Prompt
Give back the full listing verbatim, apart from its images.

Data below
►

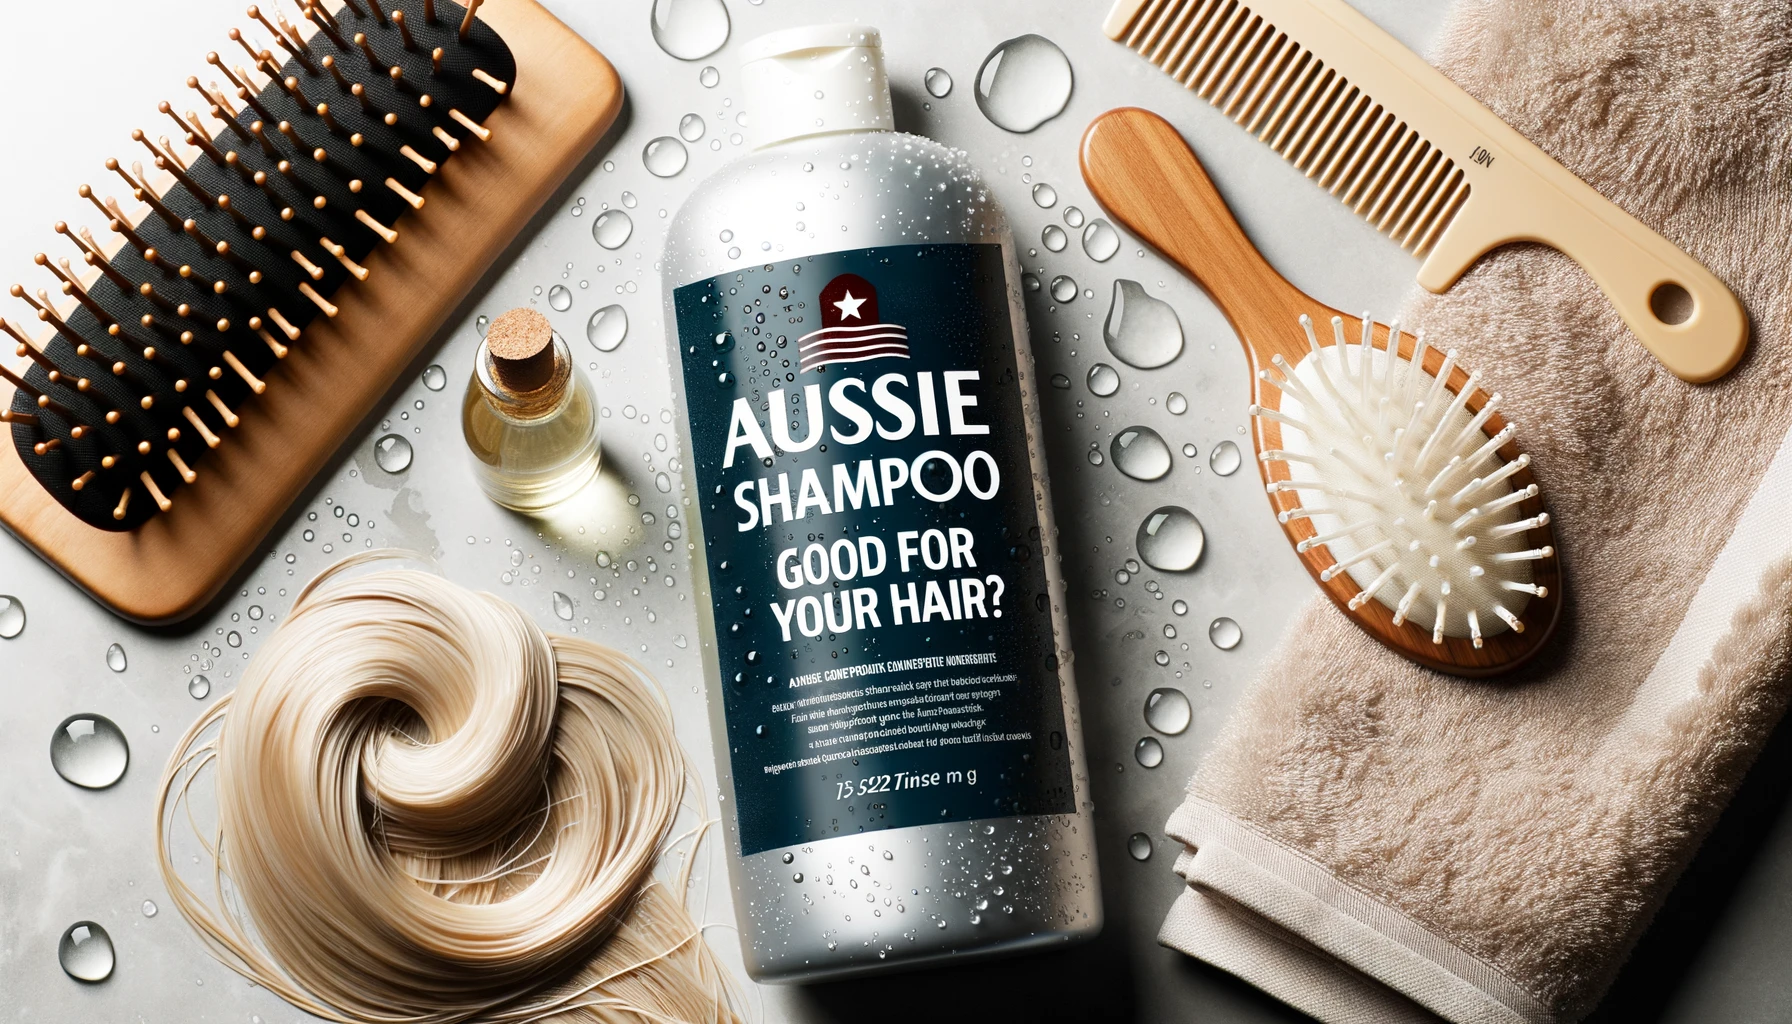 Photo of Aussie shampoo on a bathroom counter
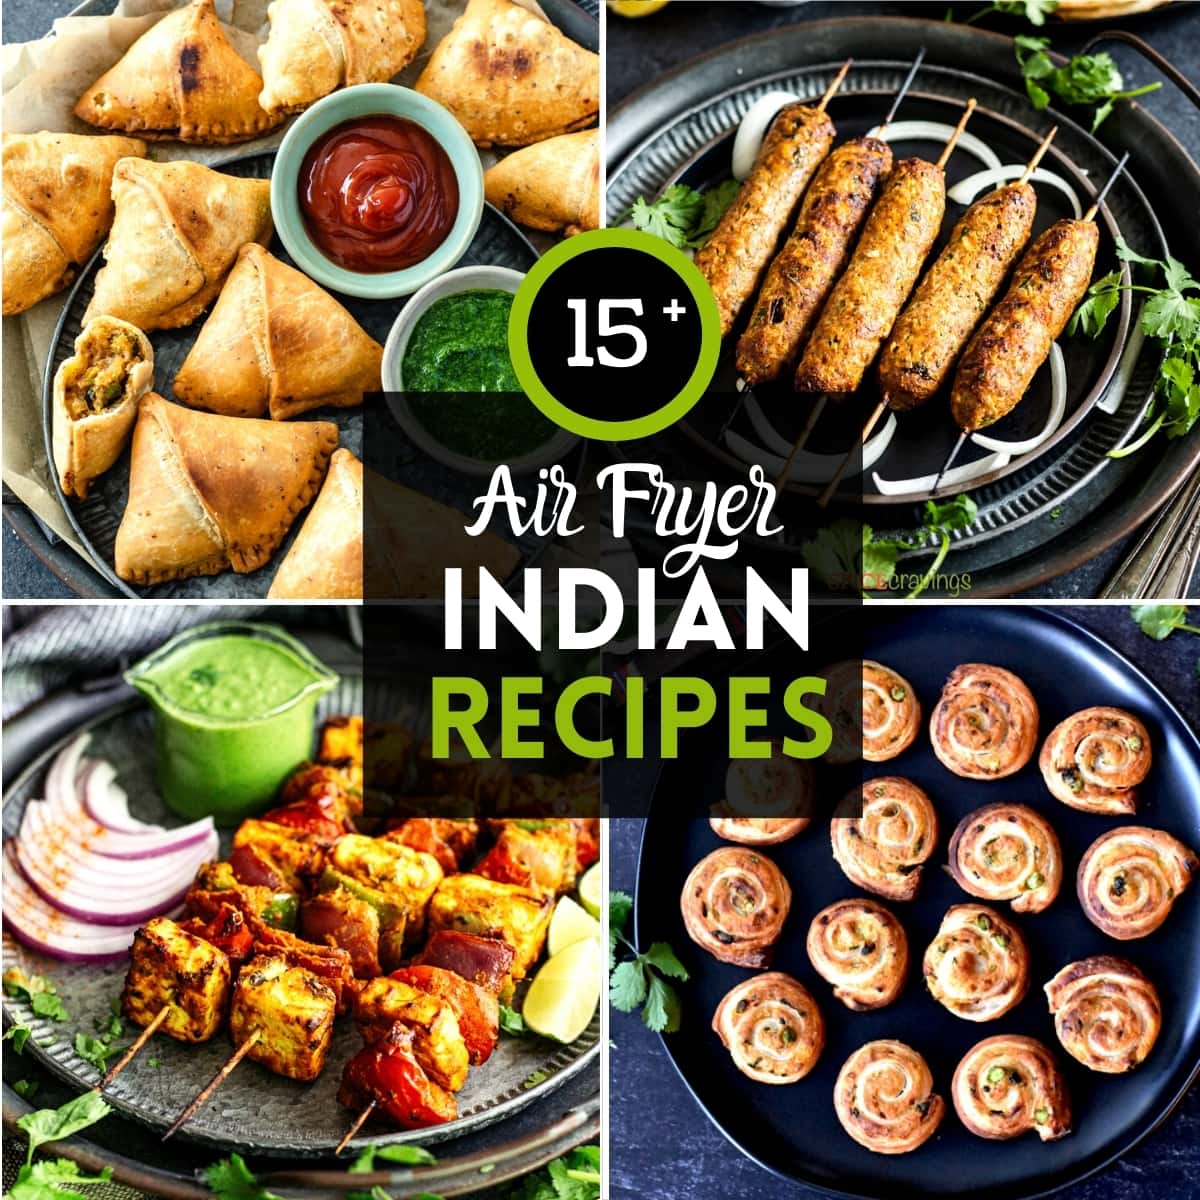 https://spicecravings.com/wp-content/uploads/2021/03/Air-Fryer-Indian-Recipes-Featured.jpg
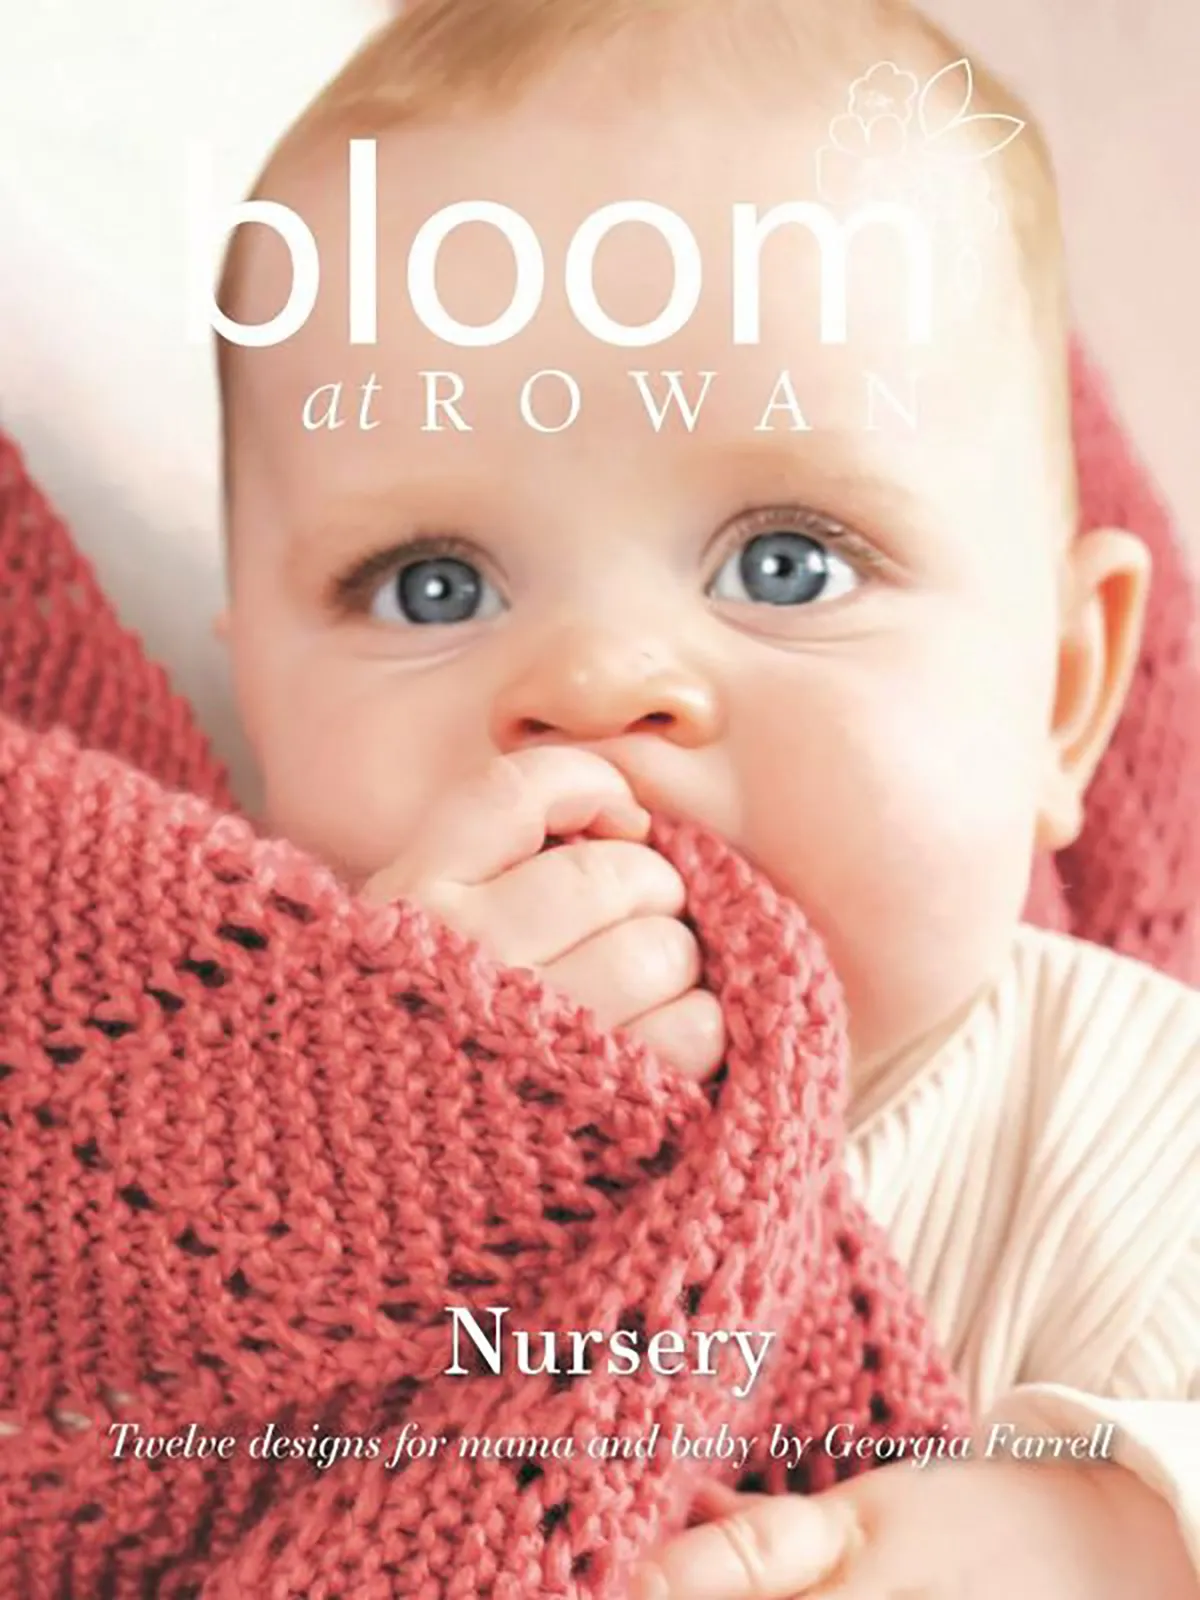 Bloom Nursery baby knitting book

◄

Response to this task
 Photo of Aussie shampoo on a bathroom counter
 https://spicecravings.com/wp-content/uploads/2021/03/Air-Fryer-Indian-Recipes-Featured.jpg
 Bloom Nursery baby knitting book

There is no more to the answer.